Leela insists that they must prevent the deaths of the Iceni, but the Doctor explains that history has fixed these events, and they cannot be changed. Leela doesn’t understand; they are here, now, and the events have not yet happened, and therefore she believes they can and should be changed.  When the Doctor insists, she refuses to listen; instead she goes to Boudica and offers her loyalty and assistance.
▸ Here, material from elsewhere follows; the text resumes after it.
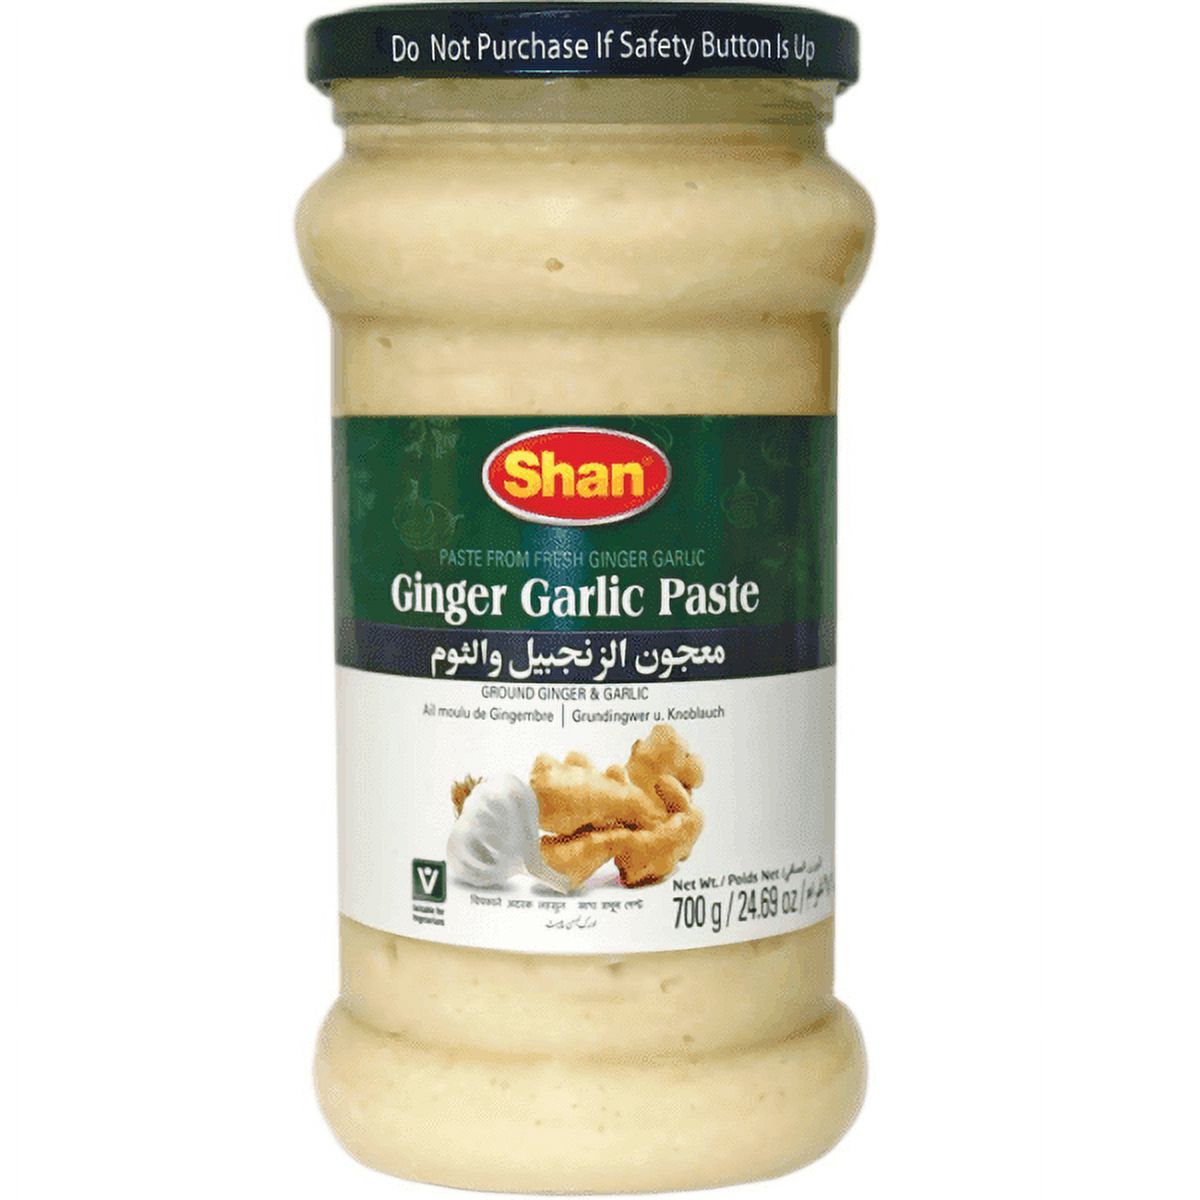 Shan Garlic Paste 310g (10.93oz) (Pack of 4) - image 2 of 2

The Doctor, meanwhile, is approached by a servant girl named Bragnar. Having overheard his conversation, she believes him to be a seer; now, she wants him to save her tribe.  He explains that he cannot, as they are destined to fail; but perhaps he can save her.  To that end, he decides to take her to the TARDIS, and also to recover Leela if he can.  However, their conspiracy is overheard, and Boudica is informed.  She takes this as a sign of betrayal, despite Leela’s insistence on the Doctor’s good faith.  She heads into the forest on horseback with Leela, and intercepts the Doctor and Bragnar.  Boudica threatens to kill them, but is stopped by Leela, who insists that the Doctor can see the future; she explains that he has predicted that tomorrow’s battle will end in destruction.  Boudica decides to let him live; but she holds the Doctor and Bragnar prisoner instead, planning to extort from him the information she needs to win the battle.
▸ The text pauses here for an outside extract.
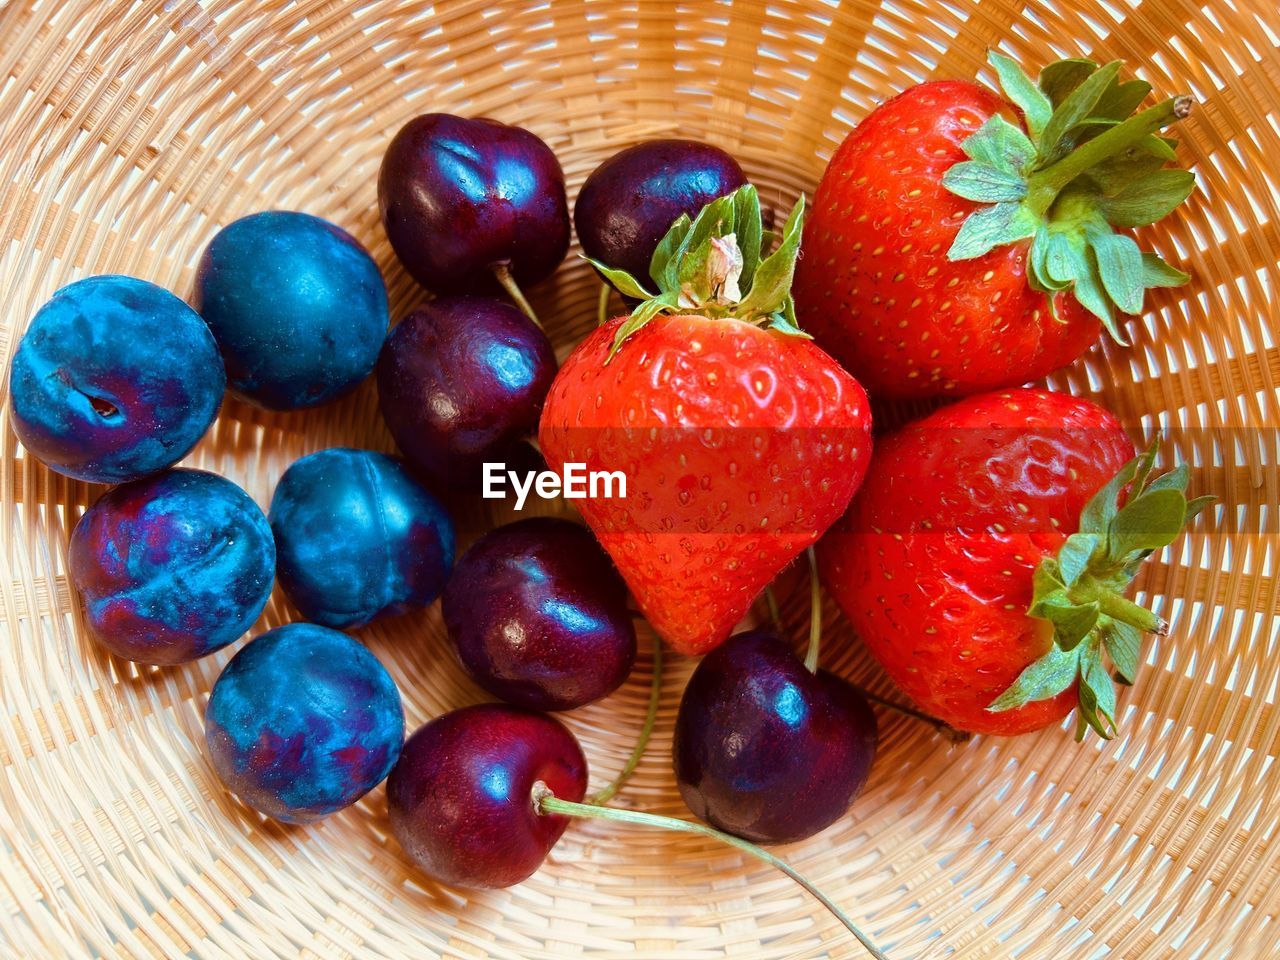 Strawberries, plums, cherries in basket. fresh, colourful, juicy, sweet, nutritious, summer fruit.

Boudica and Leela overlook the targeted Roman town, Camulodunum; Boudica is confident it can be overrun. She insists that the Doctor can be made to give her more information.

The Doctor and Bragnar are tied up in a tent at Boudica’s orders, and lamenting their situation. Bragnar doesn’t wish anyone dead; she just wishes for peace.  Boudica returns and checks in with the guard, Caedmon, regarding the progress of the situation; he wants to torture the Doctor, but Boudica again forbids it.  Instead, she intends to use Bragnar to get the Doctor to speak.  Inside the tent, Bragnar has grown tired of the Doctor’s banter, when Boudica and Leela arrive; Leela has him untied, but Boudica keeps Bragnar bound.  Boudica demands answers about his prophecy of destruction, and how the Iceni will be defeated.  When he won’t elaborate, Boudica says she will find her own omens…in Bragnar’s entrails.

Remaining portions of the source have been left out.